### [Work request]
Repeat every line from the line containing "9d3a518bc4 Nike Air" to the end of the data, exactly. Leave the pictures out.

++++++++++

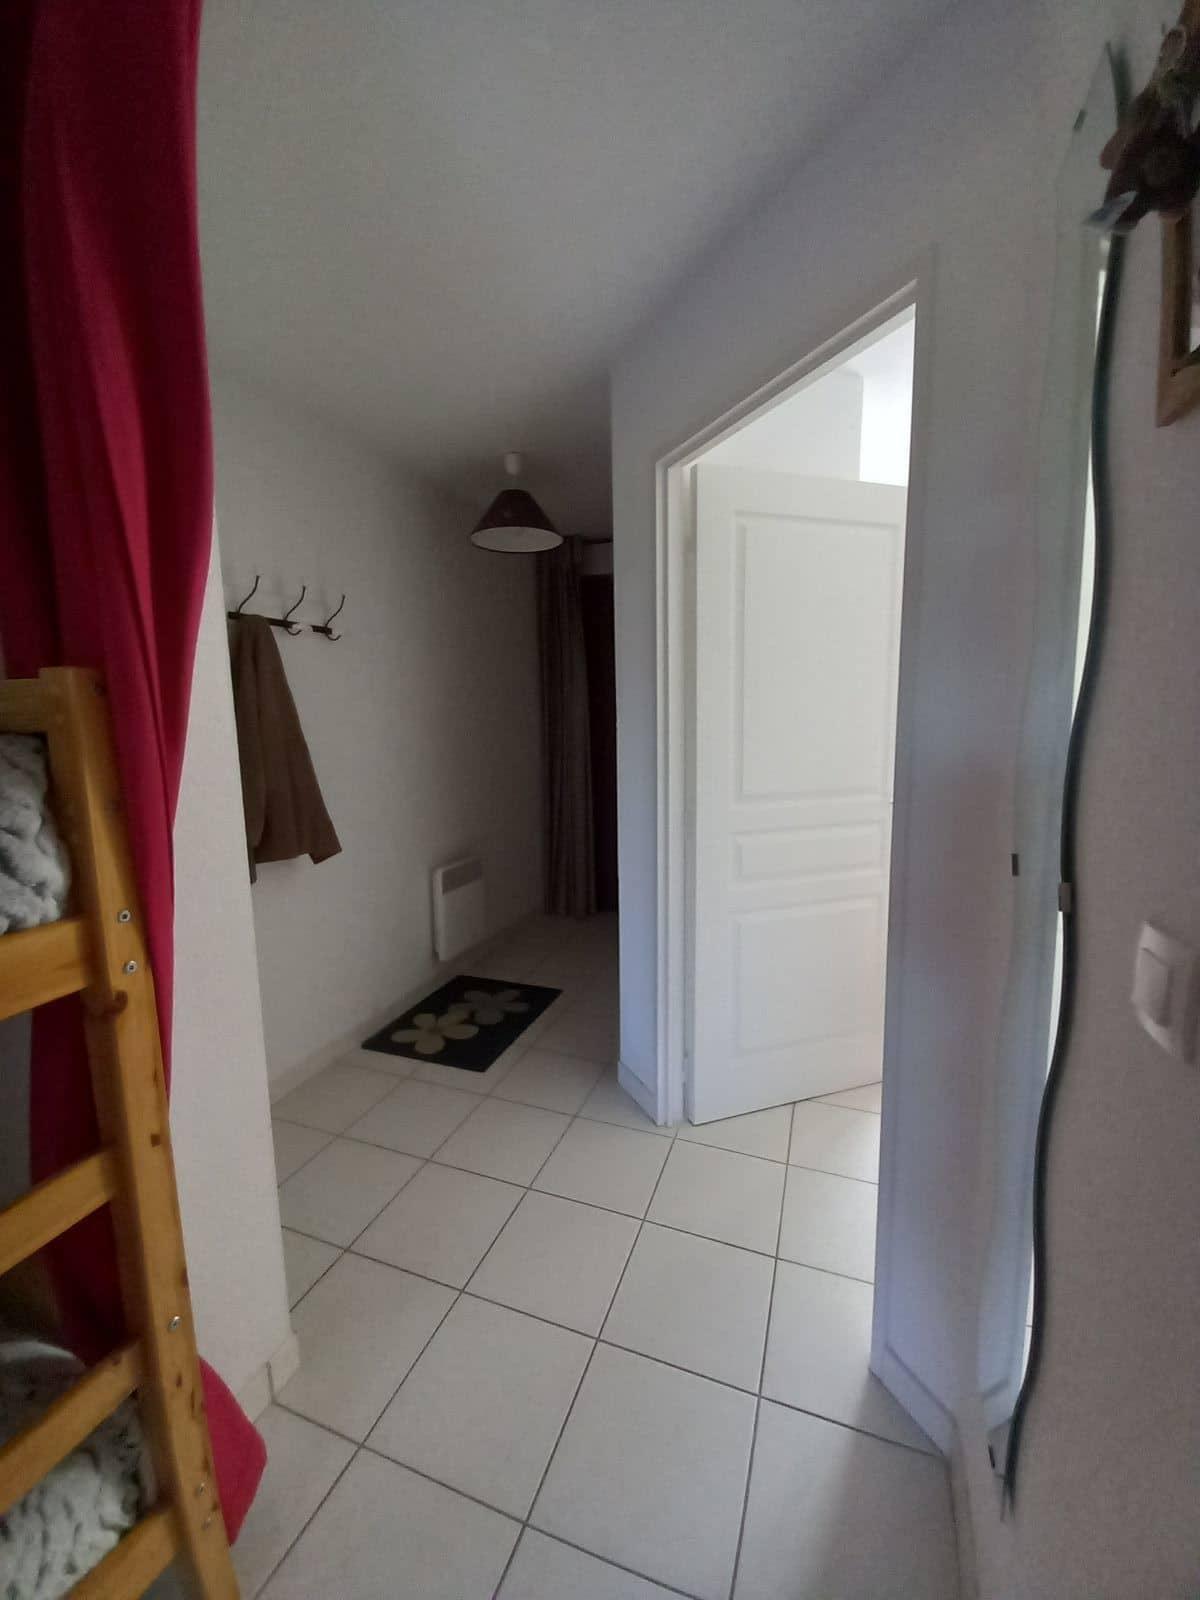 20210705 112512 - SAINT-LEGER-LES-MELEZES T2 DE 42 m² (4 COUCHAGES) AVEC JARDIN
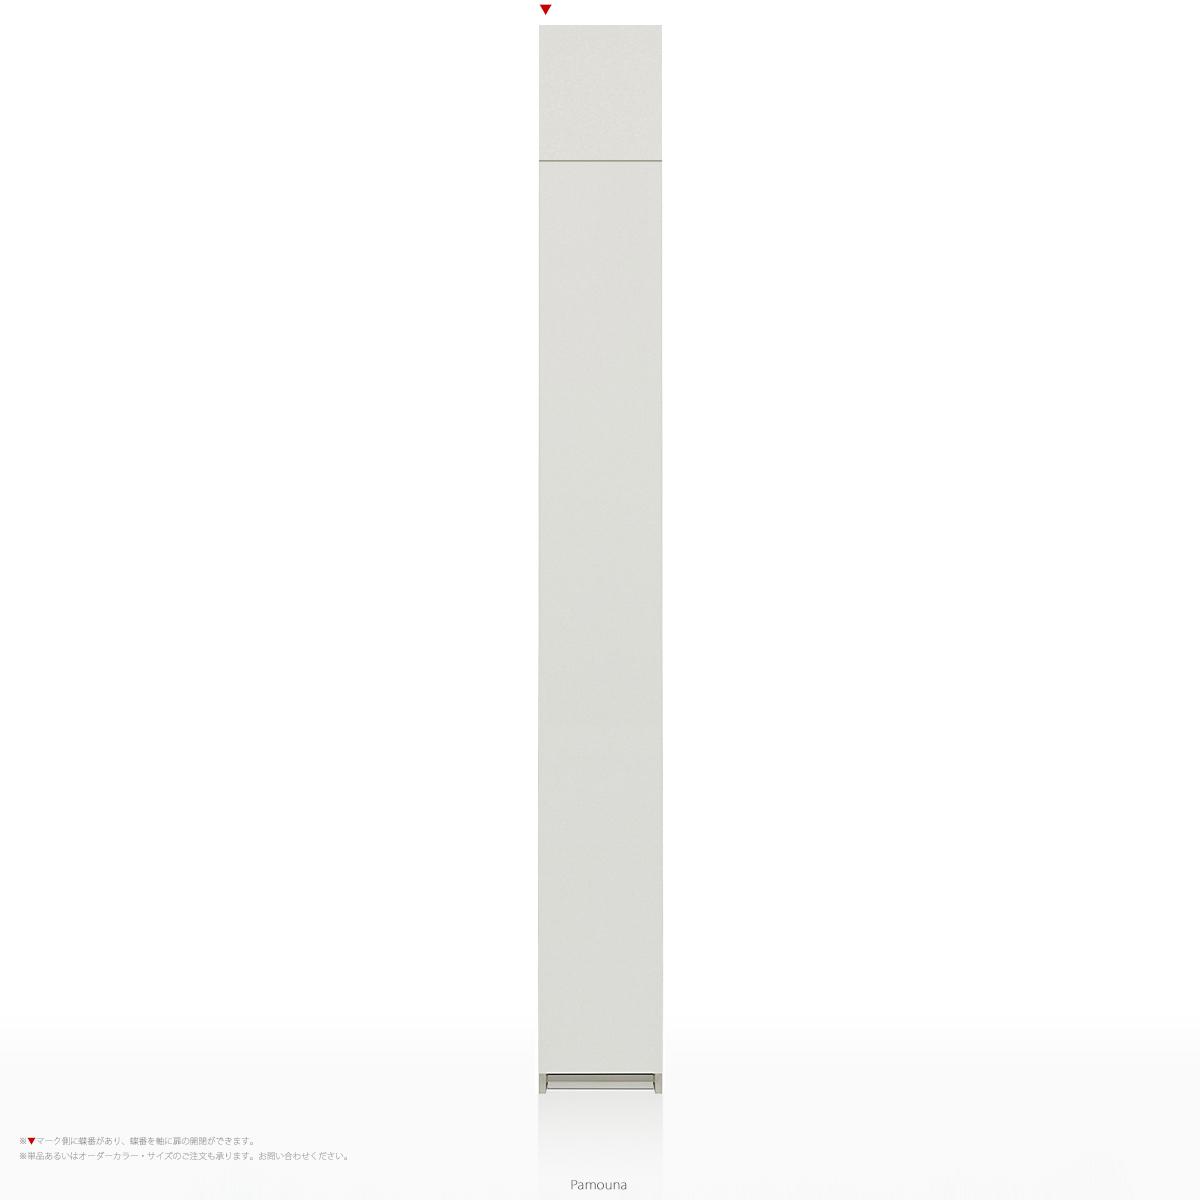 パモウナ WGシリーズ WG-S300 上棚付きスリムストッカー [開き扉] (幅30cm, 奥行き45cm, 上棚左開き, パールホワイト)【送料無料 ※対象地域(本州,九州,四国)】【同梱不可】【店頭受取対応商品】
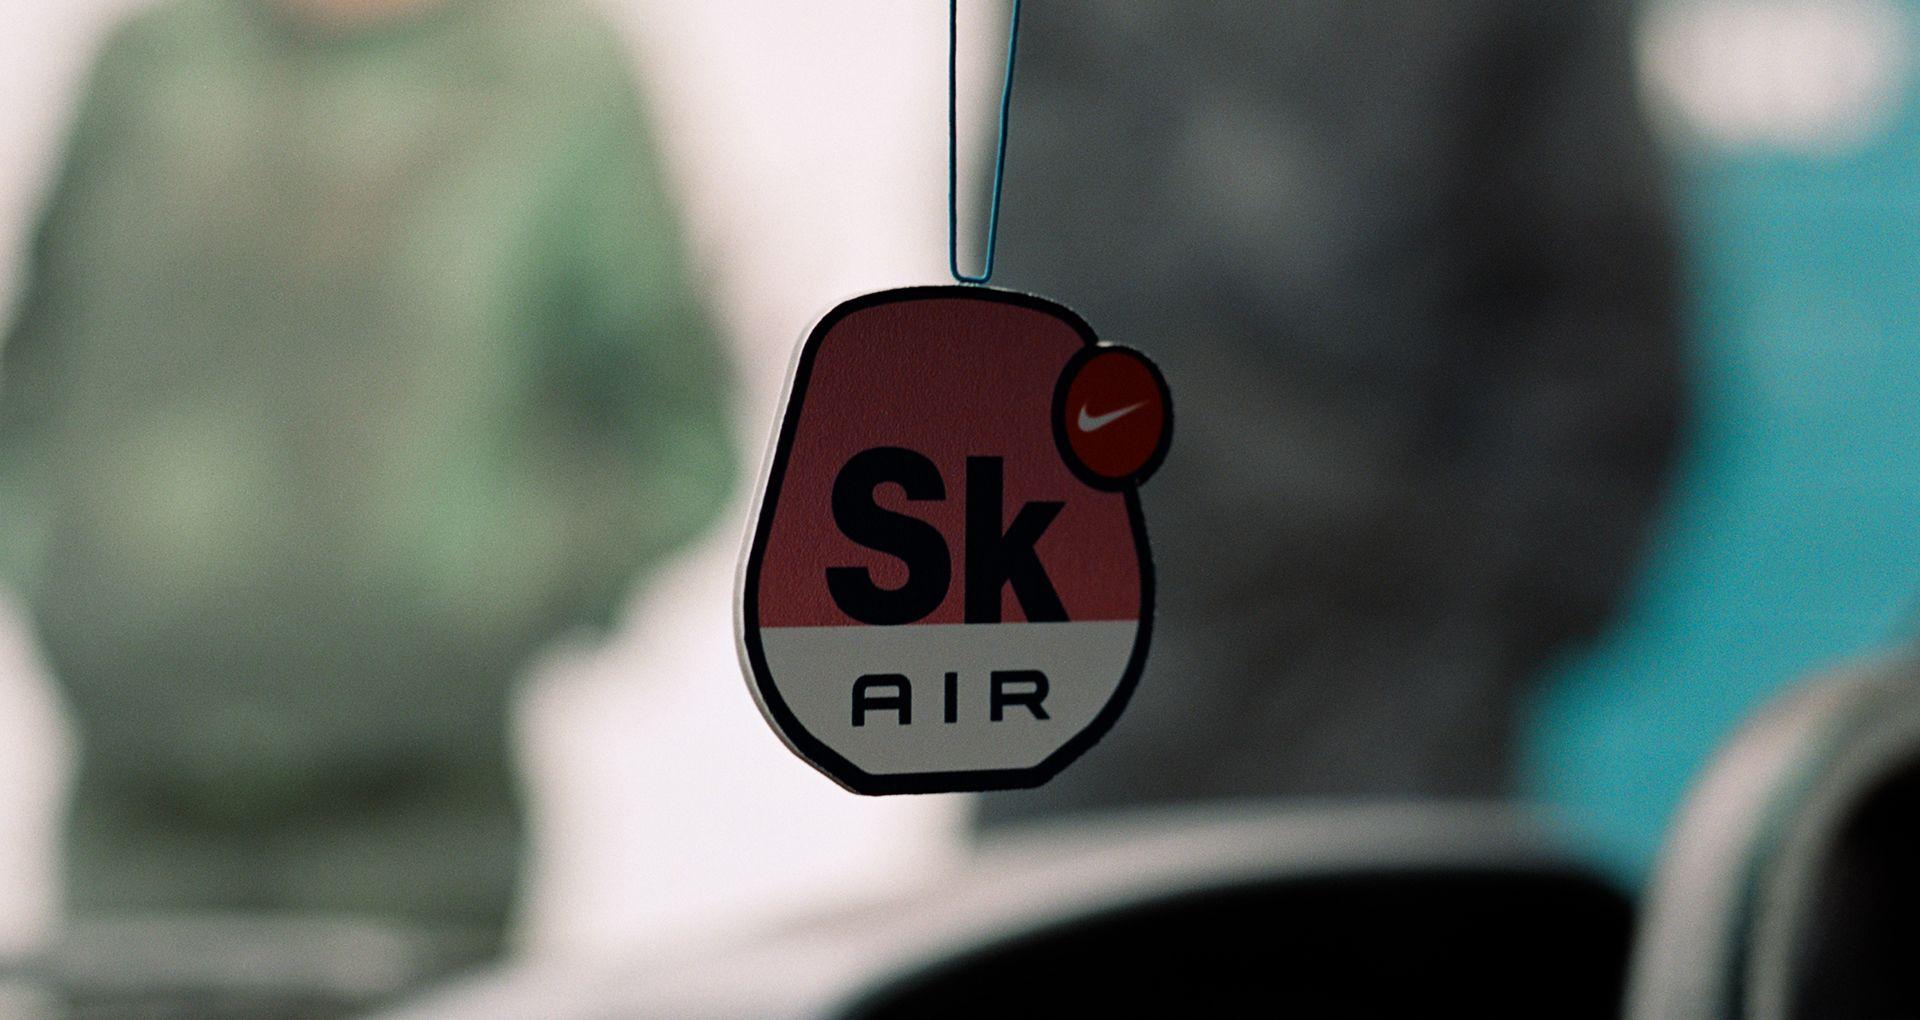 9d3a518bc4 Nike Air Max 97 Ultra '17 x Skepta. Nike+ SNKRS
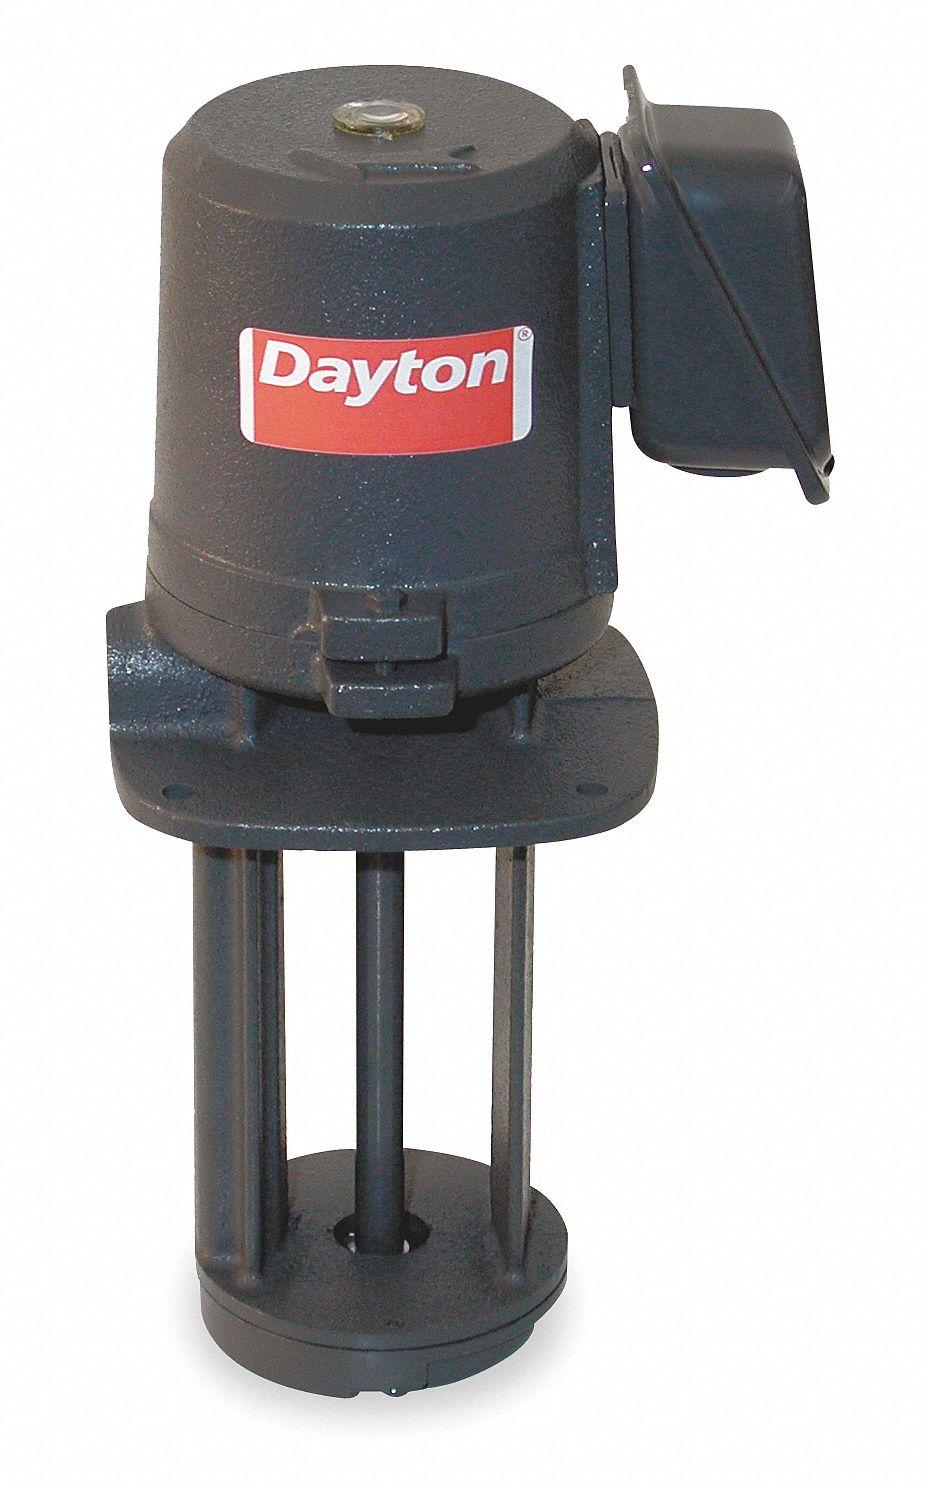 DAYTON 18 HP 115230V Immersion Oil Coolant Pump 3GRV5
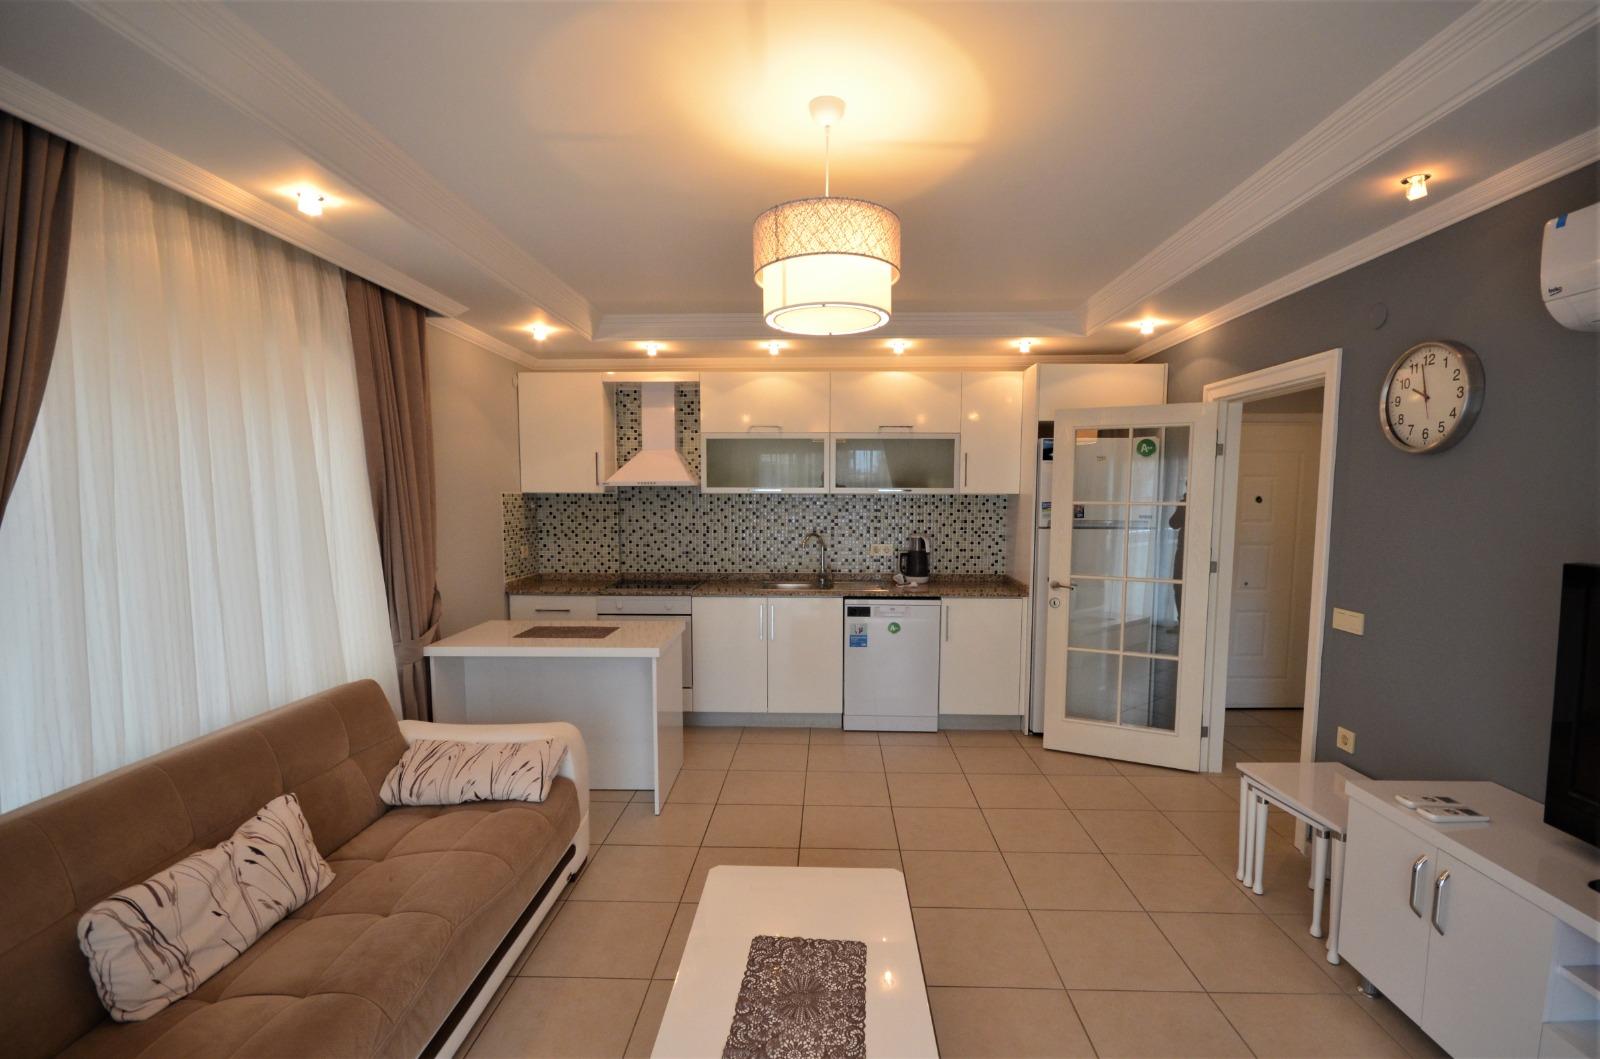 Двухкомнатная квартира с мебелью и бытовой техникой в районе Тосмур - Фото 4

++++++++++

### [Solution to the exercise]
 9d3a518bc4 Nike Air Max 97 Ultra '17 x Skepta. Nike+ SNKRS
 DAYTON 18 HP 115230V Immersion Oil Coolant Pump 3GRV5
 Двухкомнатная квартира с мебелью и бытовой техникой в районе Тосмур - Фото 4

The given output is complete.